Omit every picture, then return the listing verbatim.

◆ **Source material**
+++++
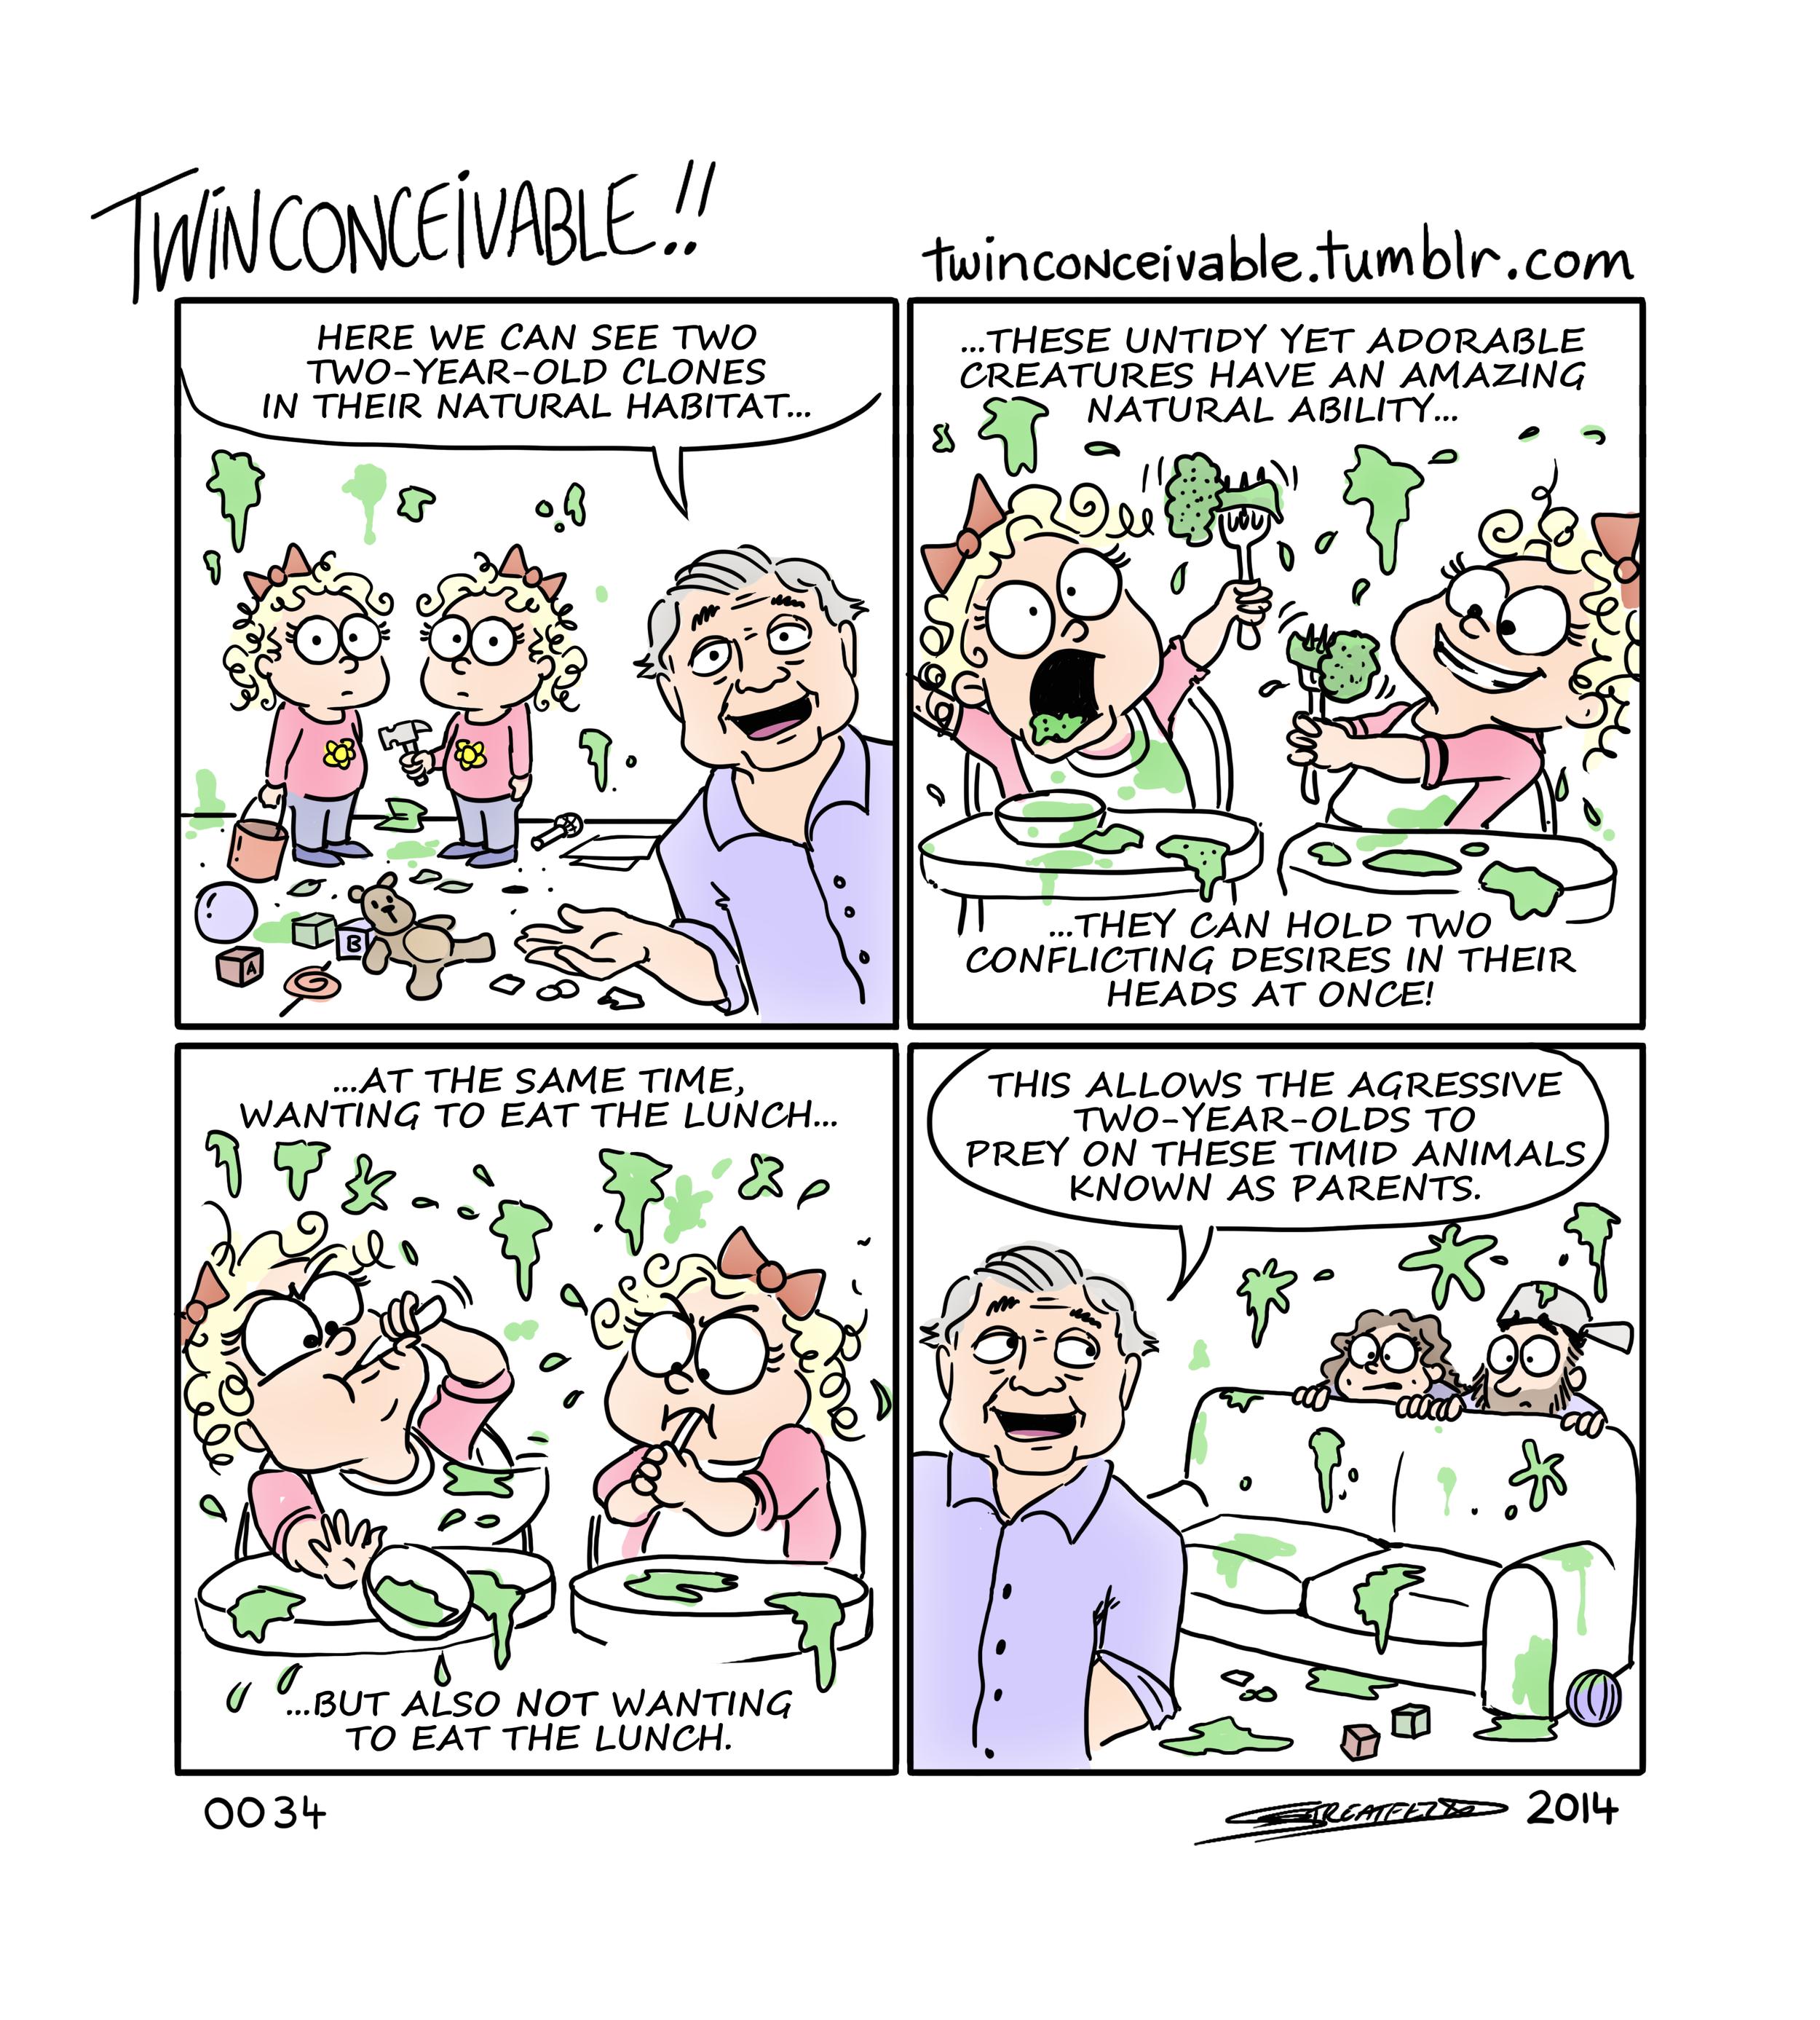 Twinconceivable0034__0002.png
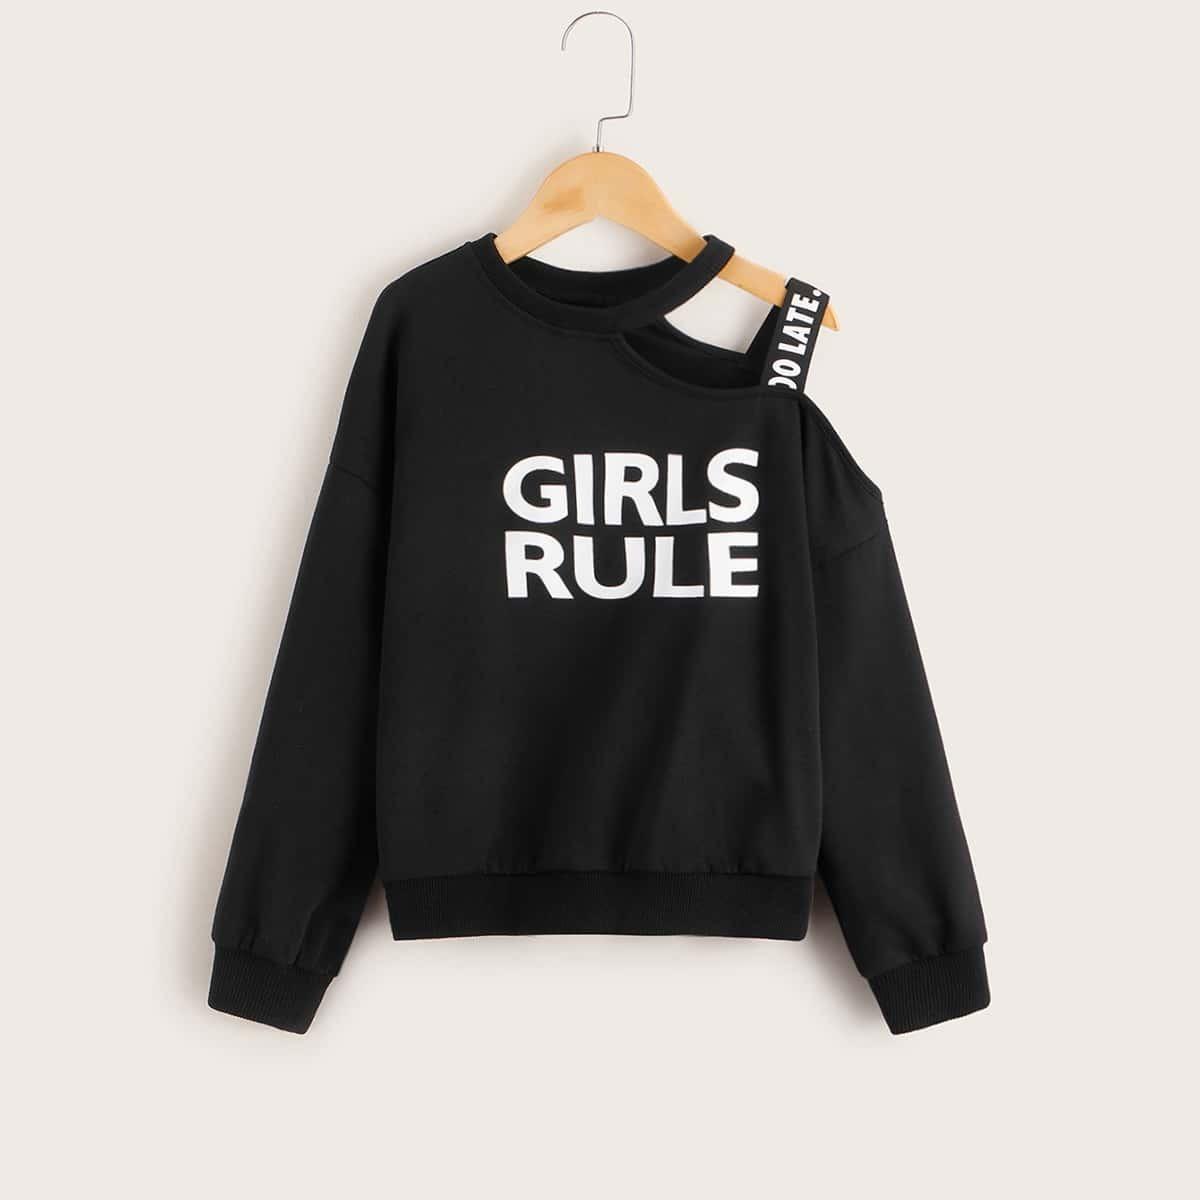 Пуловер на одно плечо с текстовым принтом для девочек от SHEIN
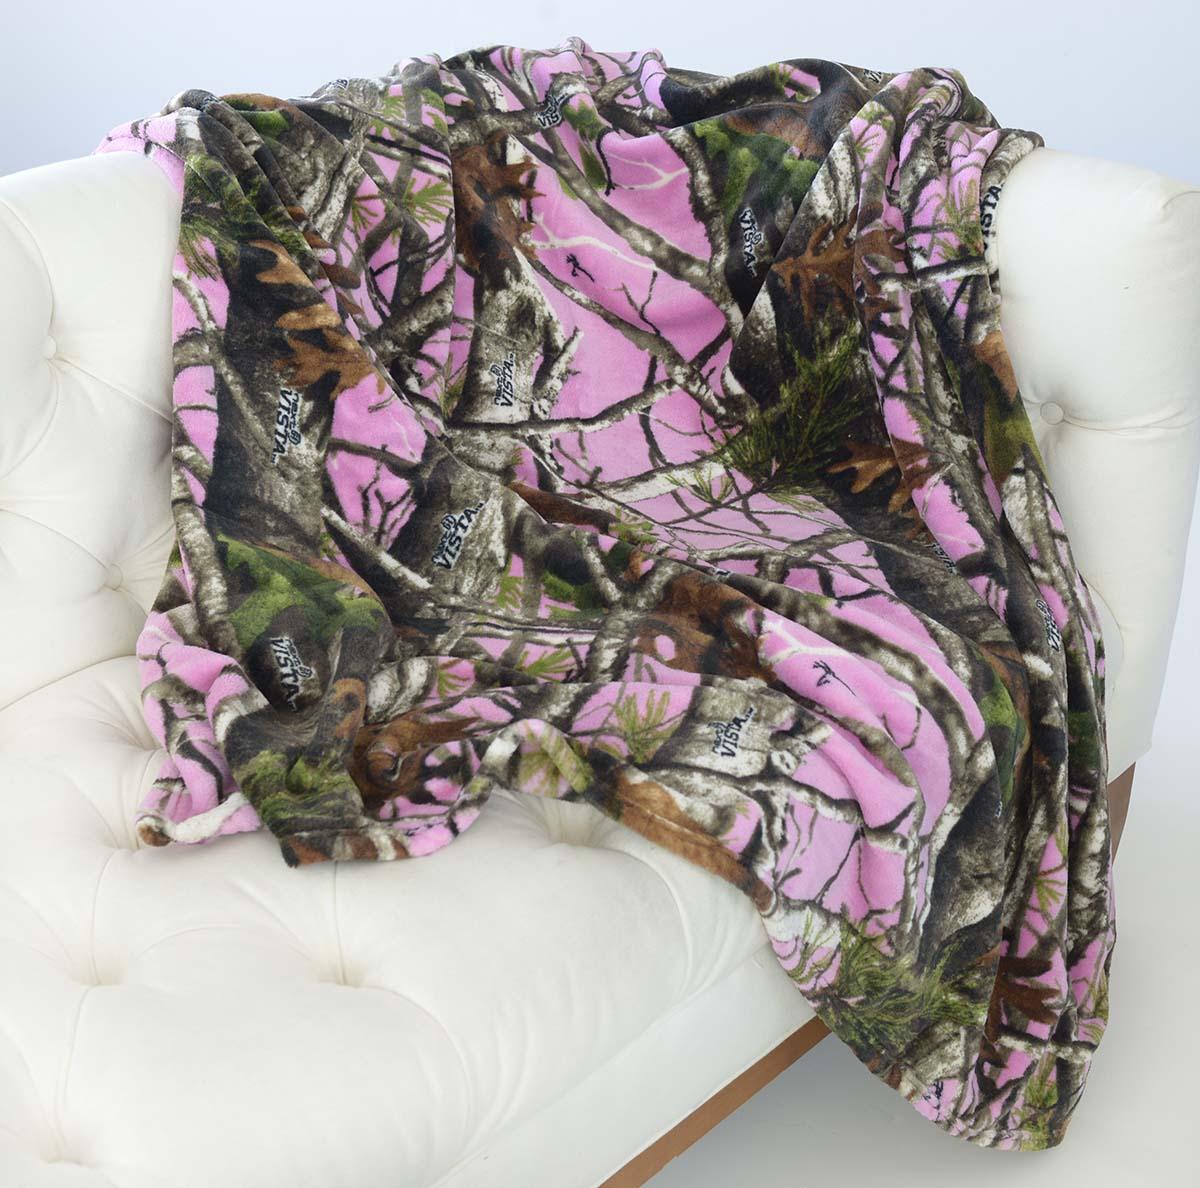 Fleece_PINK_Camo_Blanket_on_Sofa_77402_77403
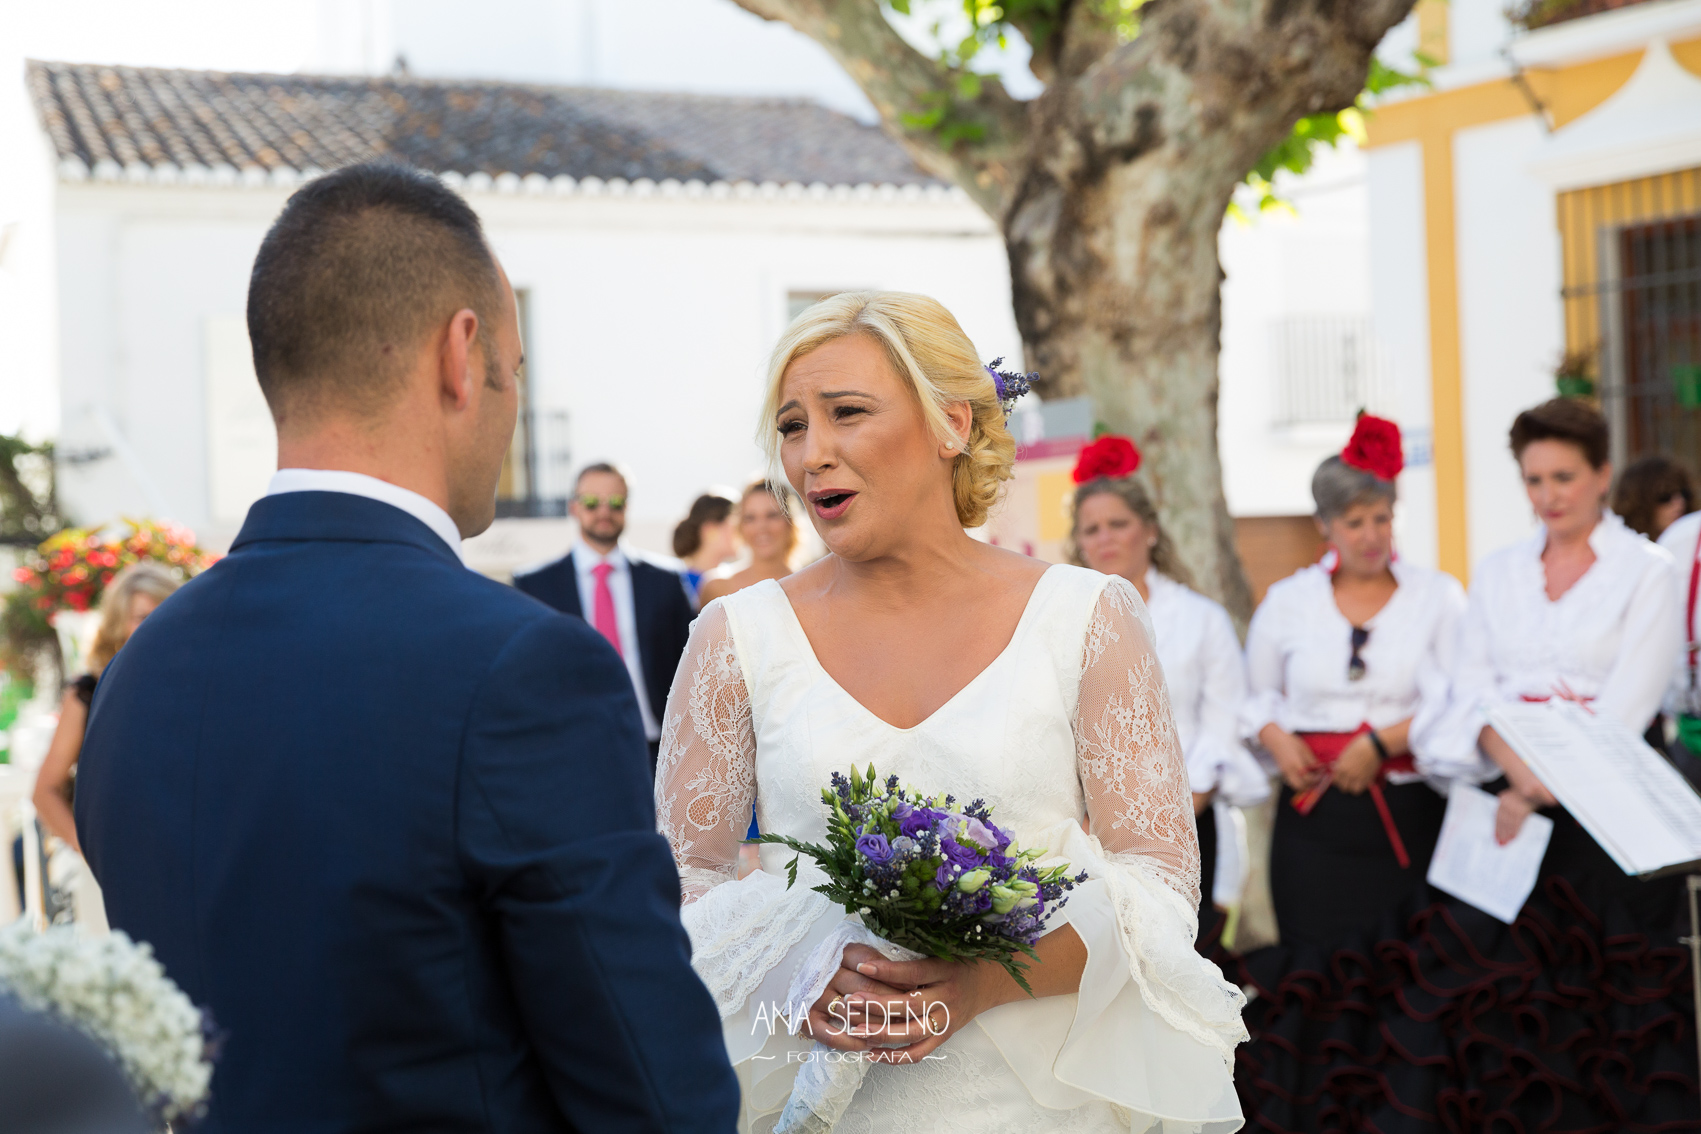 Ana Sedeño Fotografa.-BJ&R-0690
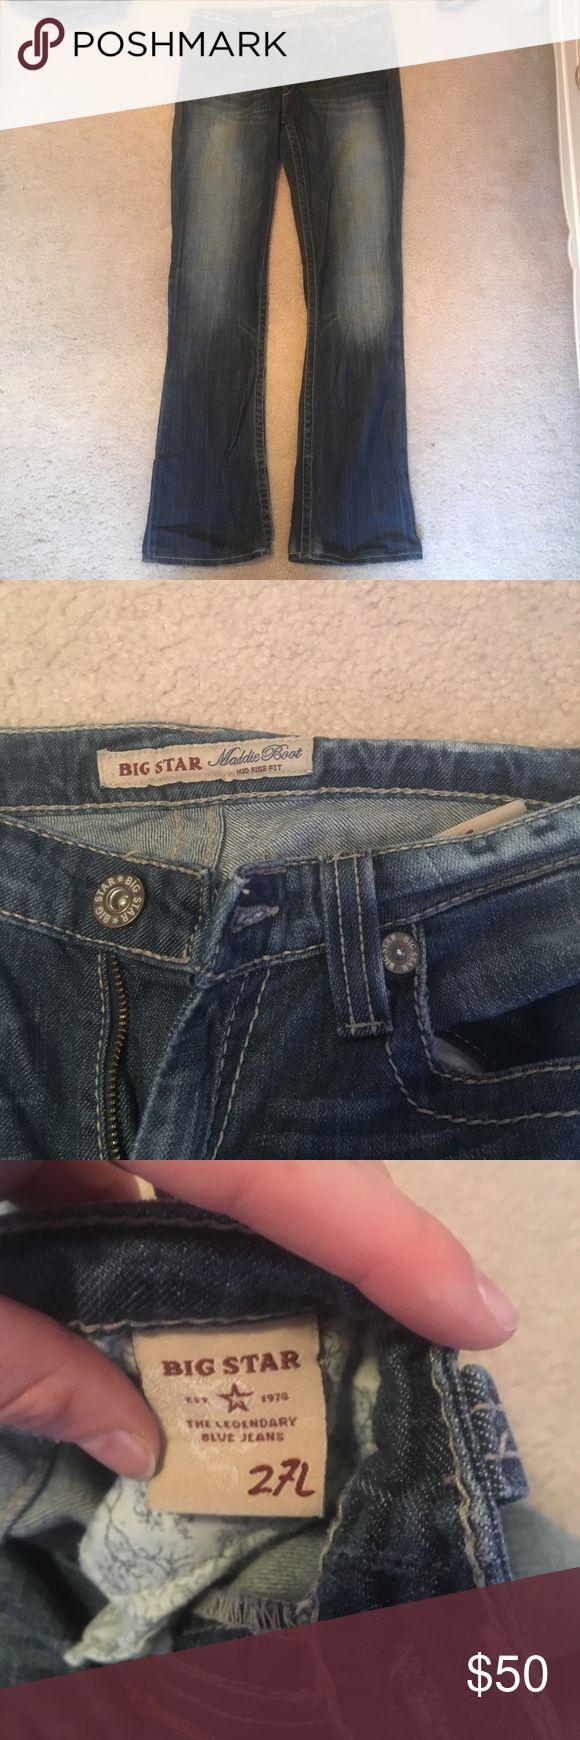 Big Star Size 27 boot cut jeans Big Star Size 27 boot cut jeans. Mid rise                    Length 30in Big Star Jeans Boot Cut
+++++
◆ **Answer box**
 Twinconceivable0034__0002.png
 Пуловер на одно плечо с текстовым принтом для девочек от SHEIN
 Fleece_PINK_Camo_Blanket_on_Sofa_77402_77403
 Ana Sedeño Fotografa.-BJ&R-0690
 Big Star Size 27 boot cut jeans Big Star Size 27 boot cut jeans. Mid rise                    Length 30in Big Star Jeans Boot Cut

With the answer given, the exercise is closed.